Theodore Arthur "Ted" Szilva, (December 11, 1934 – March 9, 2016) was a Canadian businessman in Greater Sudbury, Ontario. He was best known for creating the city's "Big Nickel" landmark.

Szilva was born and raised in the old city of Sudbury. He proposed the Big Nickel monument in 1963, when he was a 28-year-old firefighter. It subsequently became one of Sudbury's most recognizable features, and Szilva owned both the monument and the surrounding park area until 1981.

Szilva was an active Roman Catholic. During the 1980s, he co-managed a successful private lottery named "Pot `O' Gold" that provided funding for Ontario's Catholic schools. When the provincial government of Bill Davis extended full funding to Catholic education in 1984, Szilva helped wind down the lottery and re-establish it as a charity fund. Some have suggested that Davis's decision to fund Catholic schools was predicated, in part, on his government's desire to re-establish control over the lottery sector. Szilva continued to co-manage the charity fund into the 2000s.

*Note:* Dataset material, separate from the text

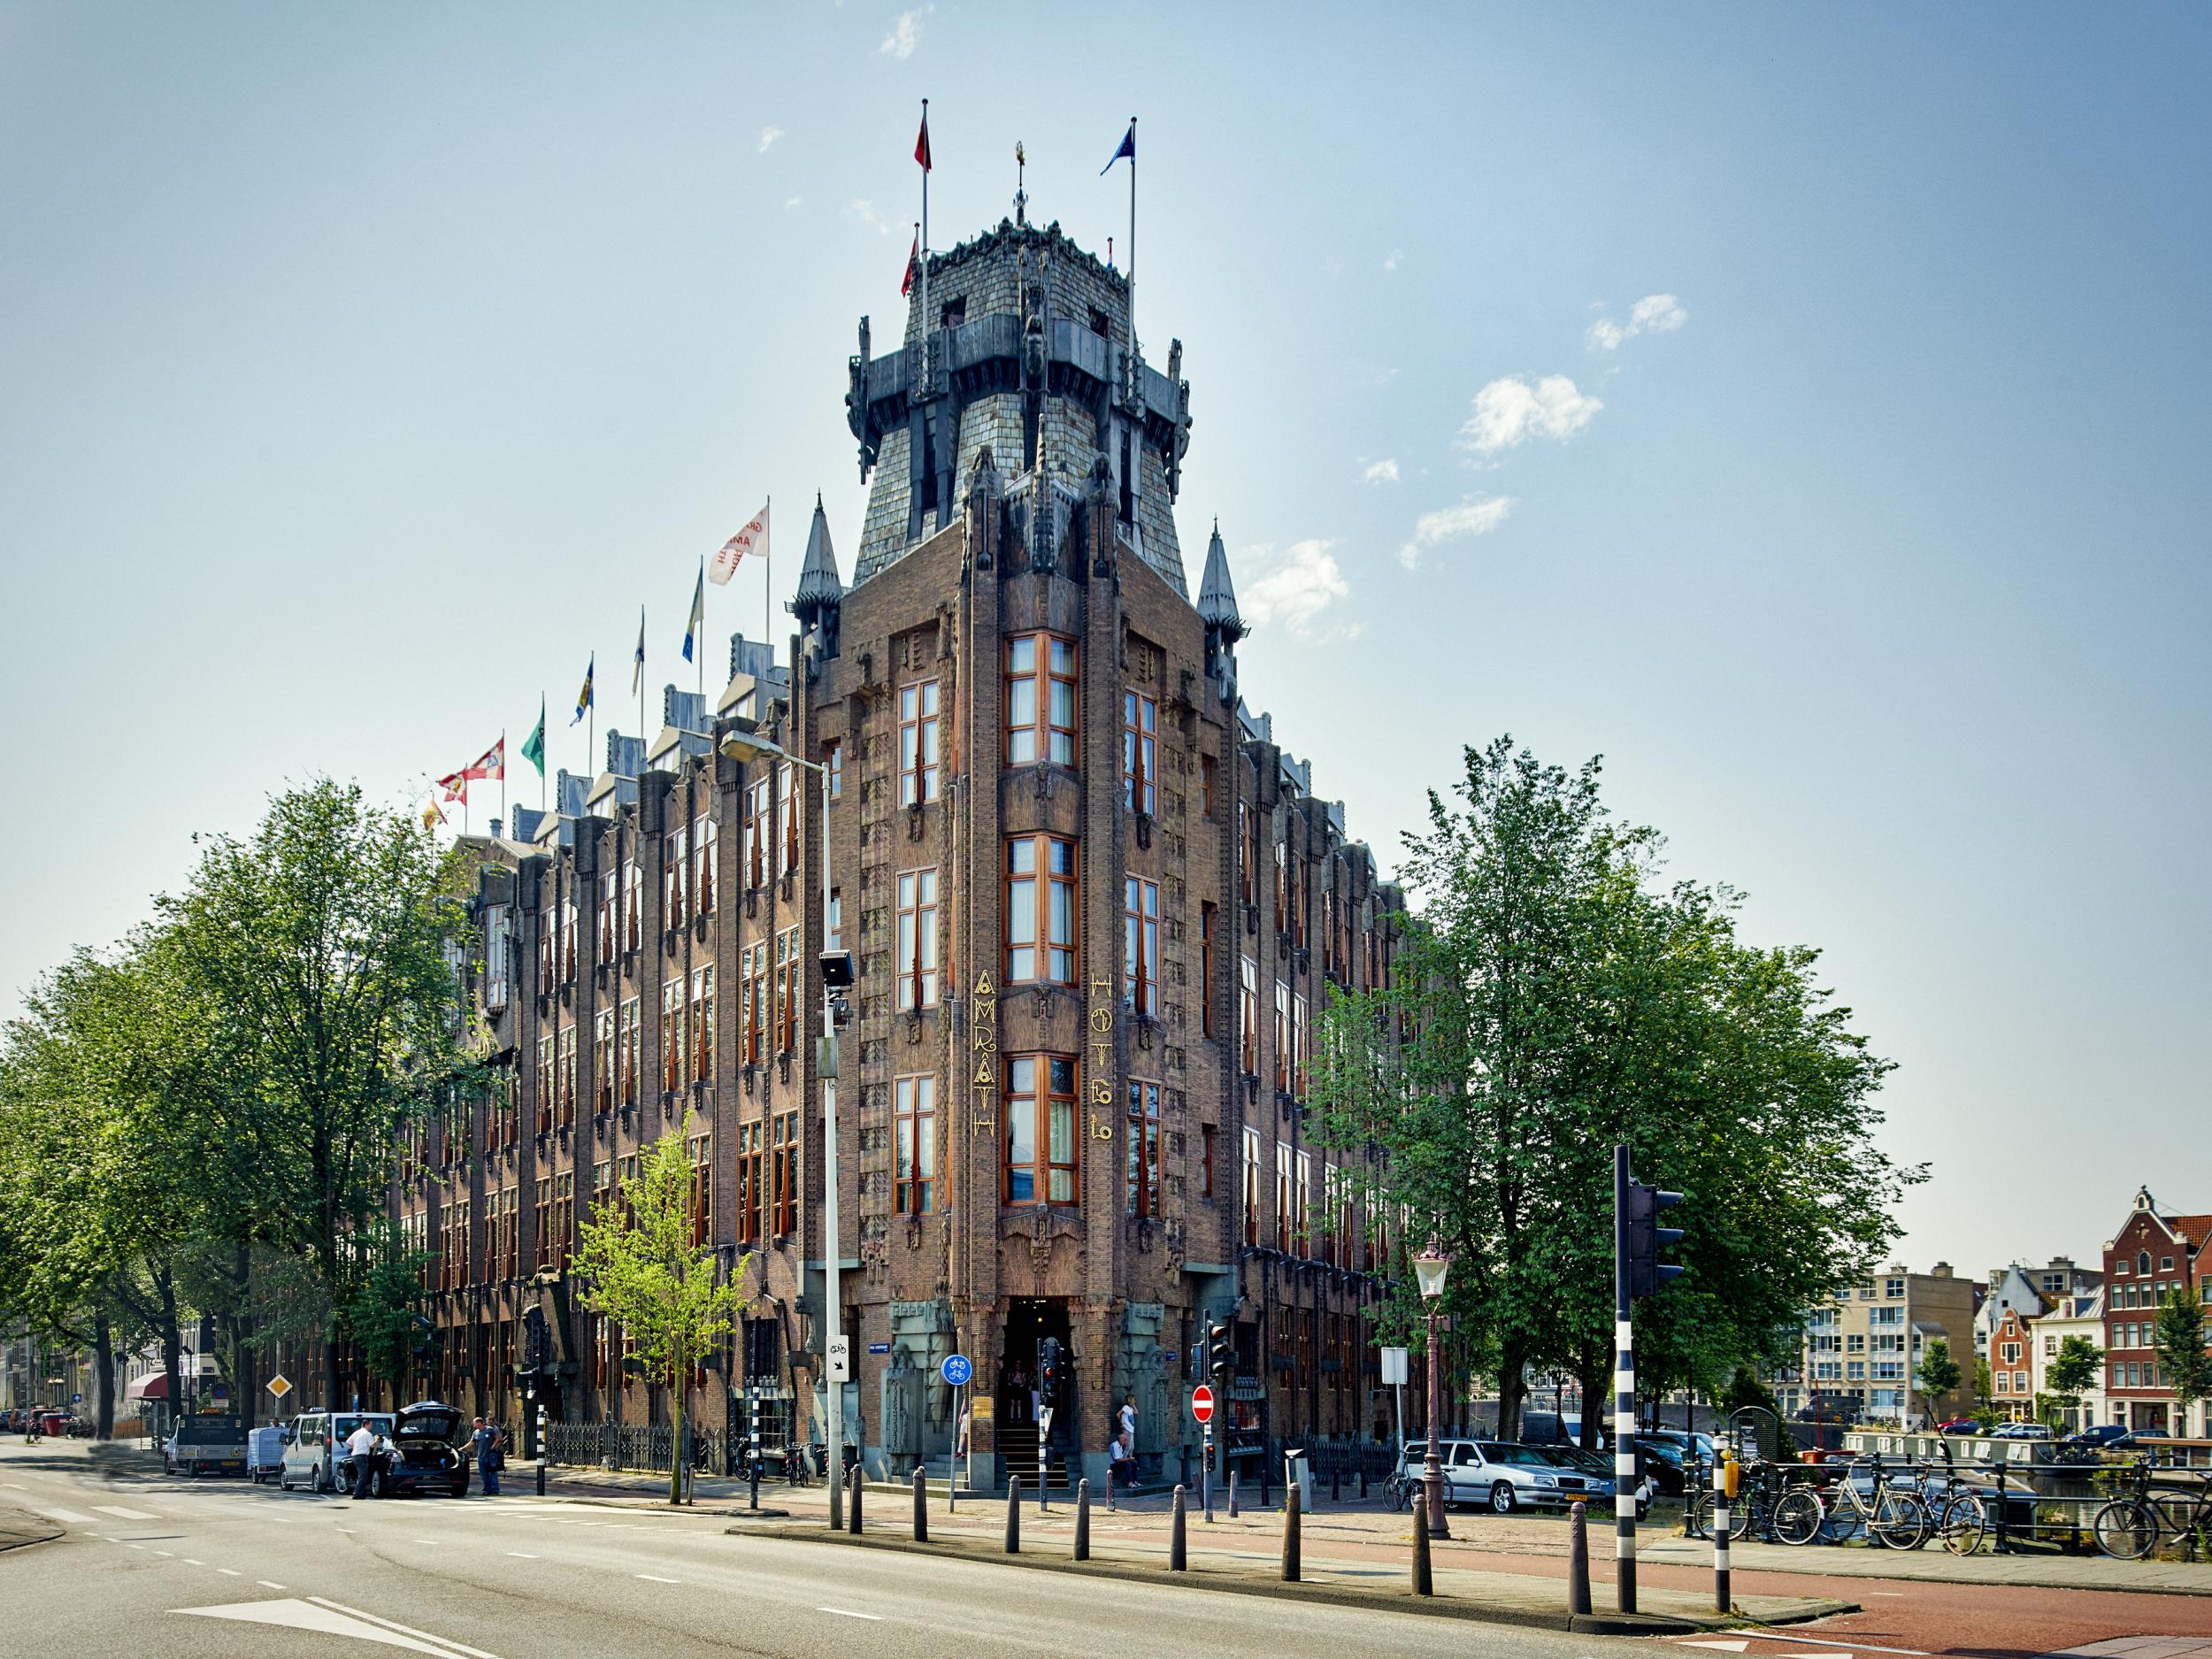 Grand Hotel Amrâth is housed in the former Scheepvaarthuis

Szilva was a longtime member of the Liberal Party of Canada and the Ontario Liberal Party, and played an organizational role in several political campaigns. He ran for Mayor of Sudbury against Peter Wong in 1985, but was defeated. He endorsed Colin Firth's bid to become mayor in 2003, and unsuccessfully sought a seat on the Roman Catholic School Board in 2006.

He was the inventor of the D-Best Keyholder, and was president of D-Best Products.

In 2009, he was made a member of the Order of Ontario.

Szilva and his son Jim published The Big Nickel: The Untold Story, a book about the challenges he faced bringing the project to fruition, in 2014.